Task description: Reproduce only the lines that run from the line with "Kid-friendly splash zones" to the last line of the material, both ends included, exactly as they appear.

———

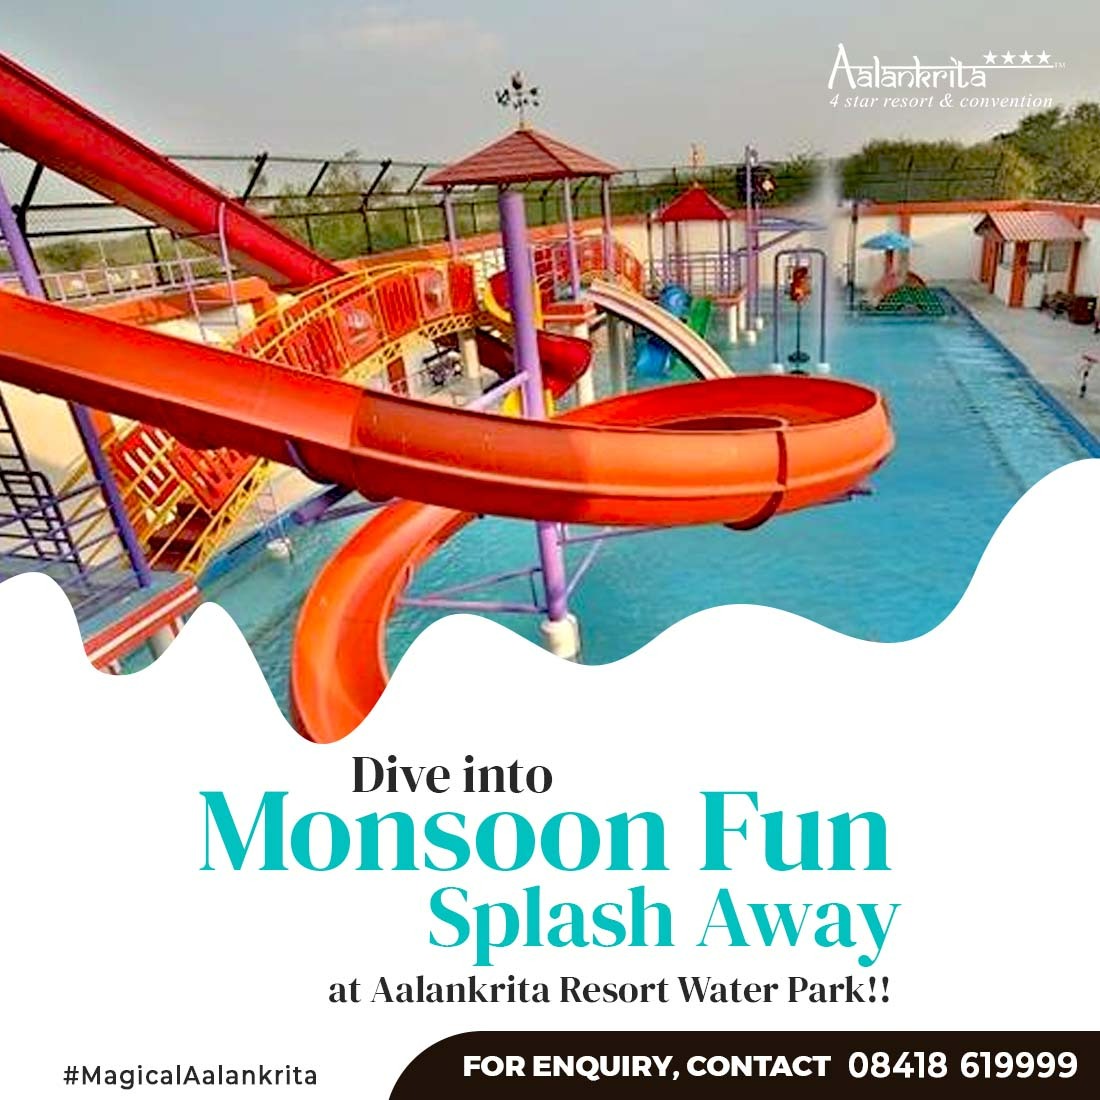 🌧️Looking for the perfect monsoon escape? Visit Aalankrita Resorts Water Park & immerse yourself in a world of fun & excitement! #MonsoonMagic
🌟 Thrilling water slides for all ages
🌟 Rain dance with upbeat music
🌟 Kid-friendly splash zones
🌟 Delicious food & refreshing drinks

———

Task response:
🌟 Kid-friendly splash zones
🌟 Delicious food & refreshing drinks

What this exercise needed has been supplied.